§ ACTIVITY:
The answer must consist only of the lines in the records below from the line with "A blue/white fluted" to the line with "Theory of Social", both included, copied word for word with every picture left out.

§ DATASET CONTENT:
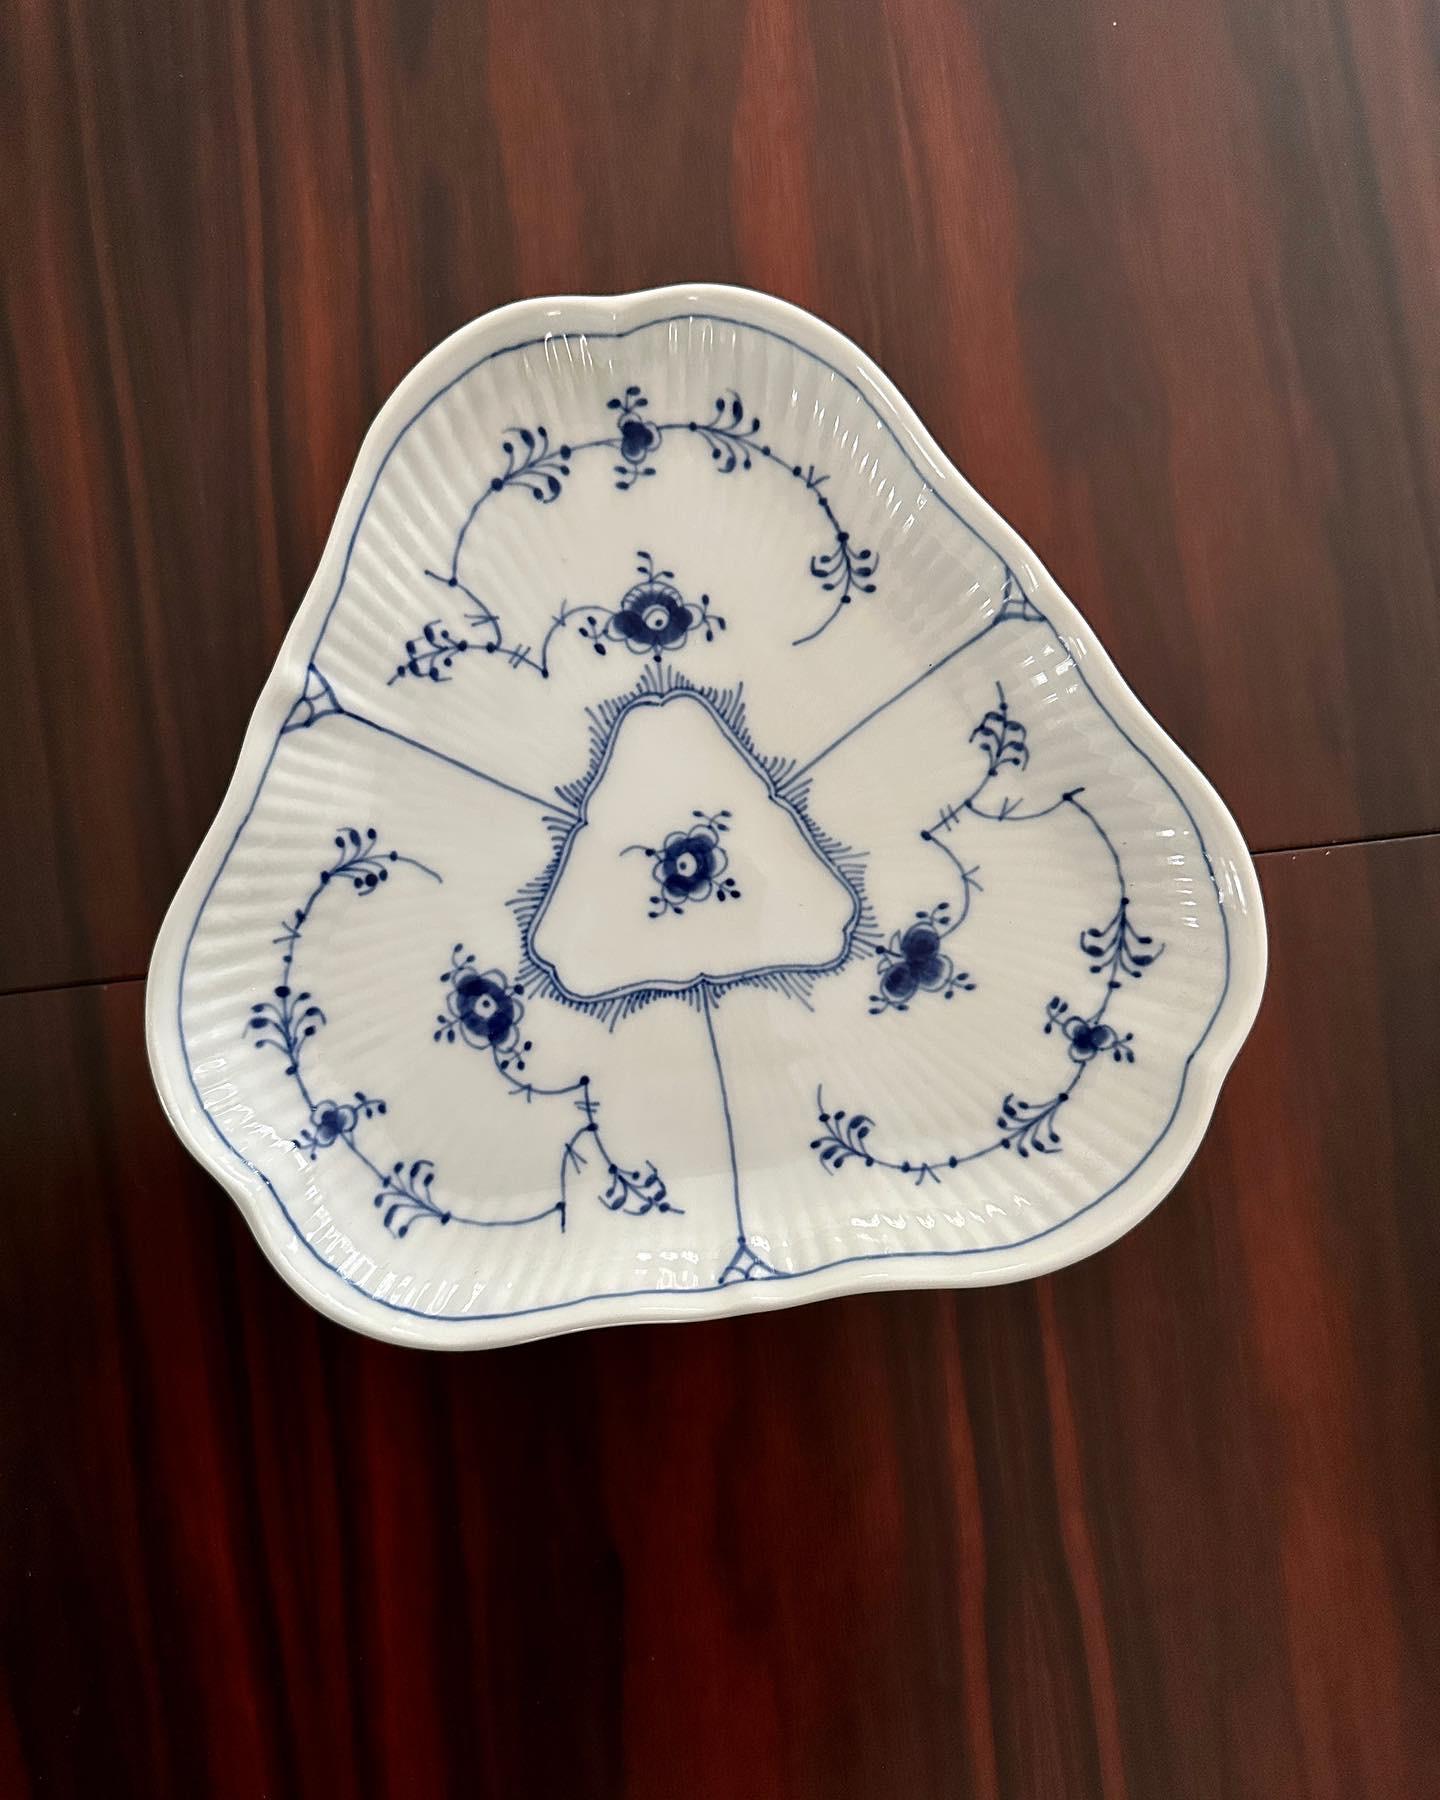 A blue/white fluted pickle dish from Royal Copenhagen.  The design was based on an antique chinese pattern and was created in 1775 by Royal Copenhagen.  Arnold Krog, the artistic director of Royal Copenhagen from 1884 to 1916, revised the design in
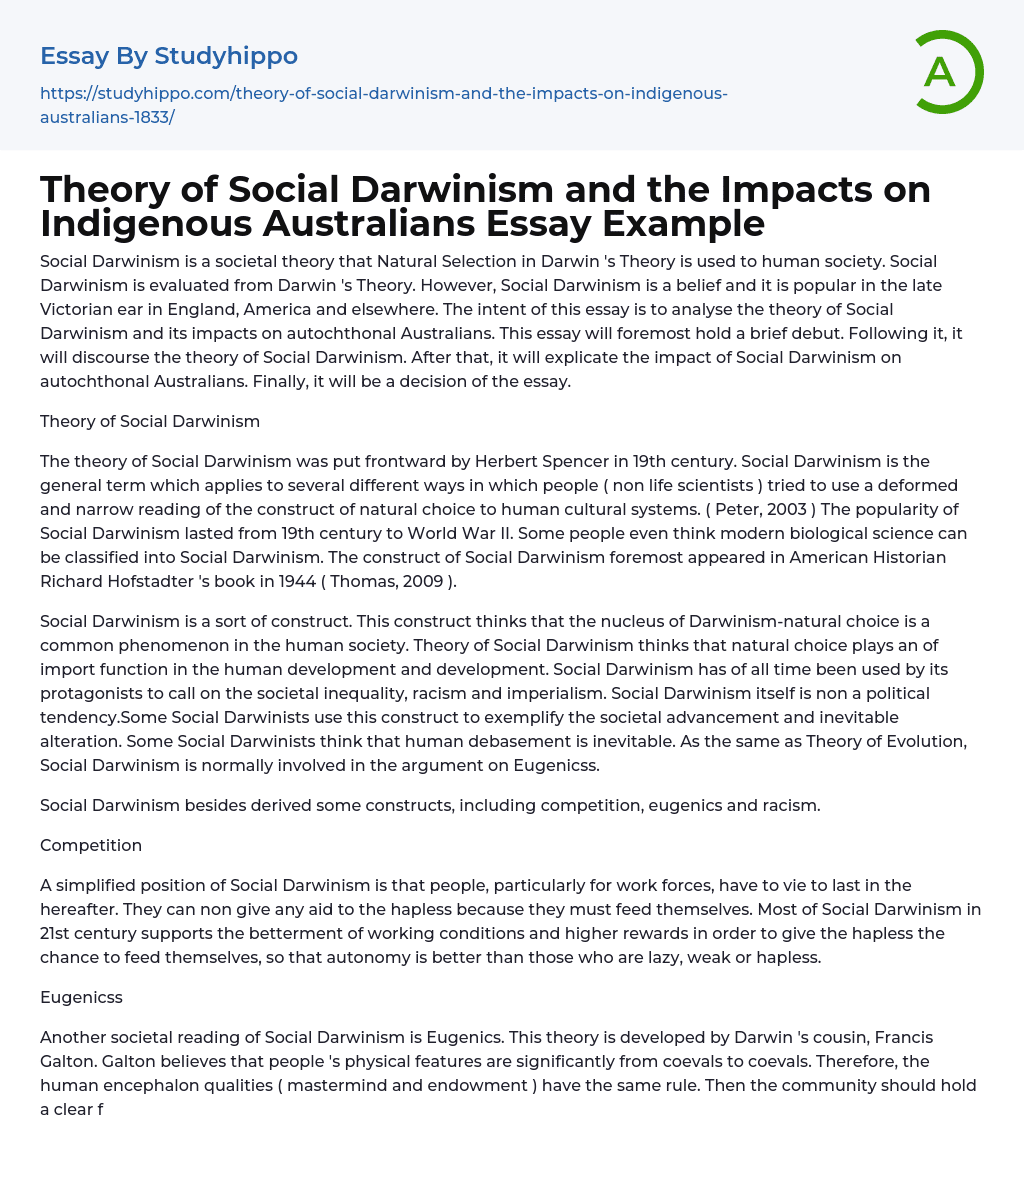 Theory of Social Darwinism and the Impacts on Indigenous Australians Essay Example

--

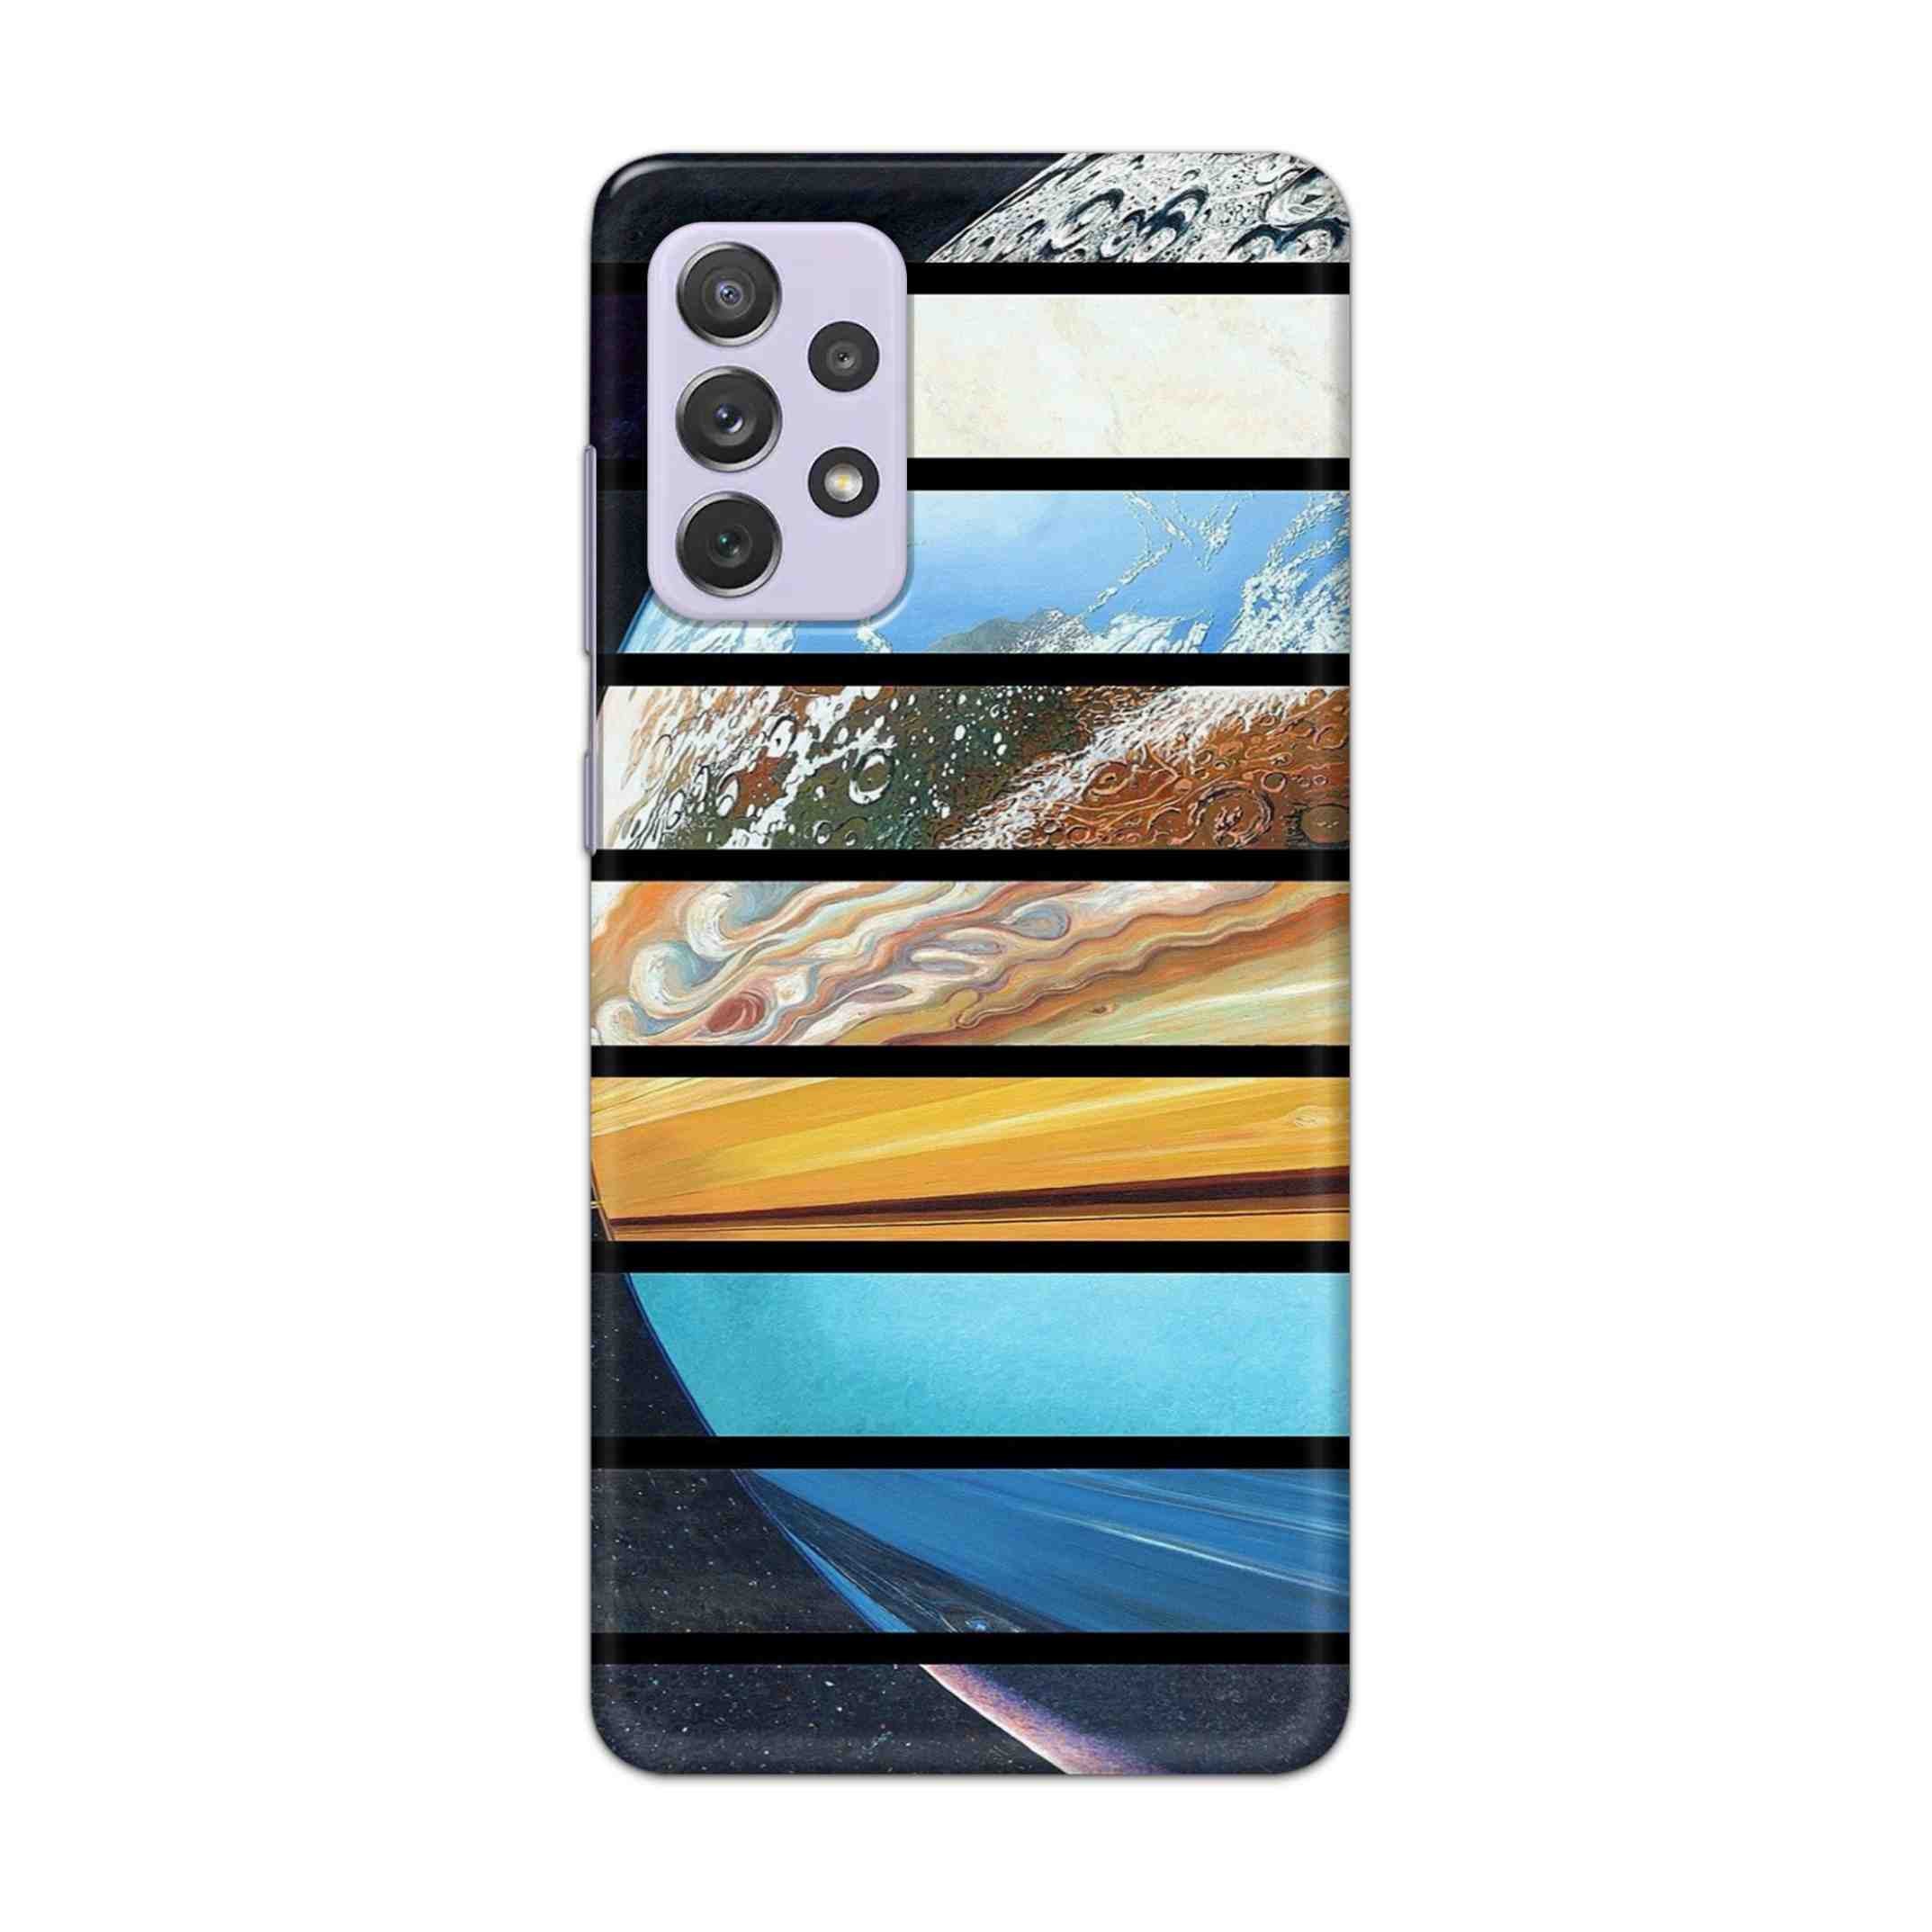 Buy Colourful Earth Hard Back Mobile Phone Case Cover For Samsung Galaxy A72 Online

--

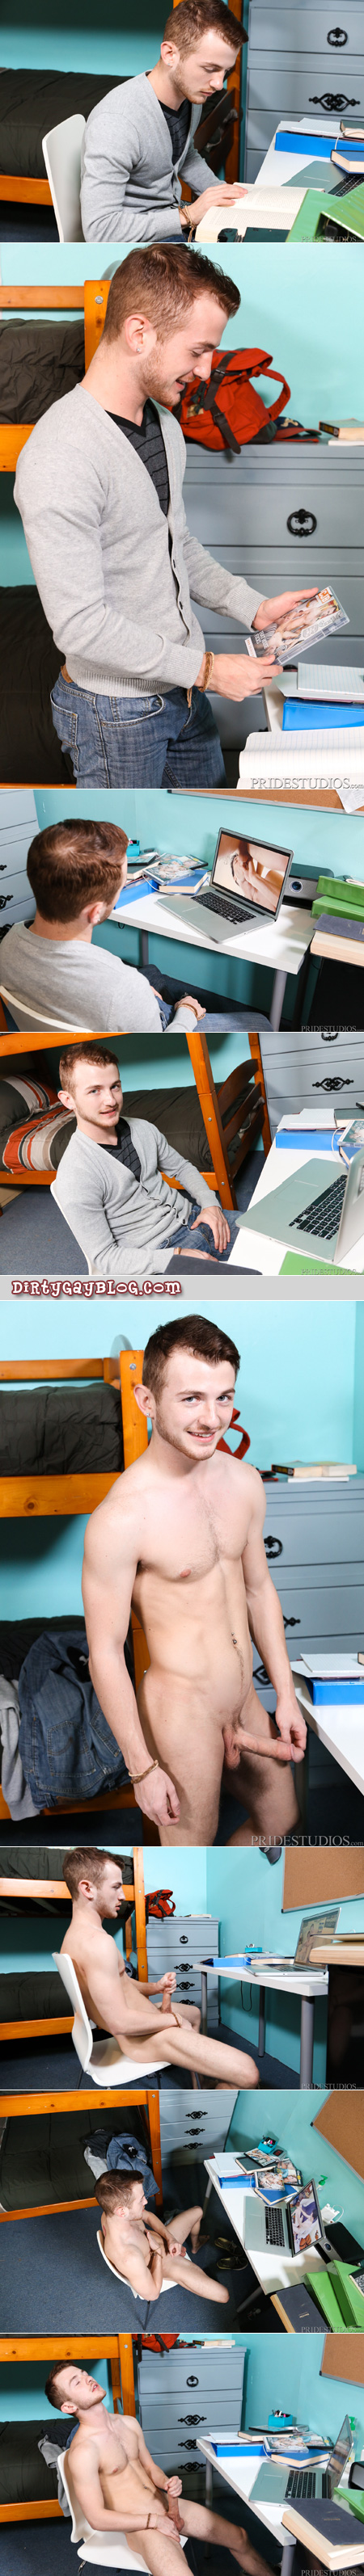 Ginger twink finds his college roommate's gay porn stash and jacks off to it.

§ EXPECTED ANSWER:
 A blue/white fluted pickle dish from Royal Copenhagen.  The design was based on an antique chinese pattern and was created in 1775 by Royal Copenhagen.  Arnold Krog, the artistic director of Royal Copenhagen from 1884 to 1916, revised the design in
 Theory of Social Darwinism and the Impacts on Indigenous Australians Essay Example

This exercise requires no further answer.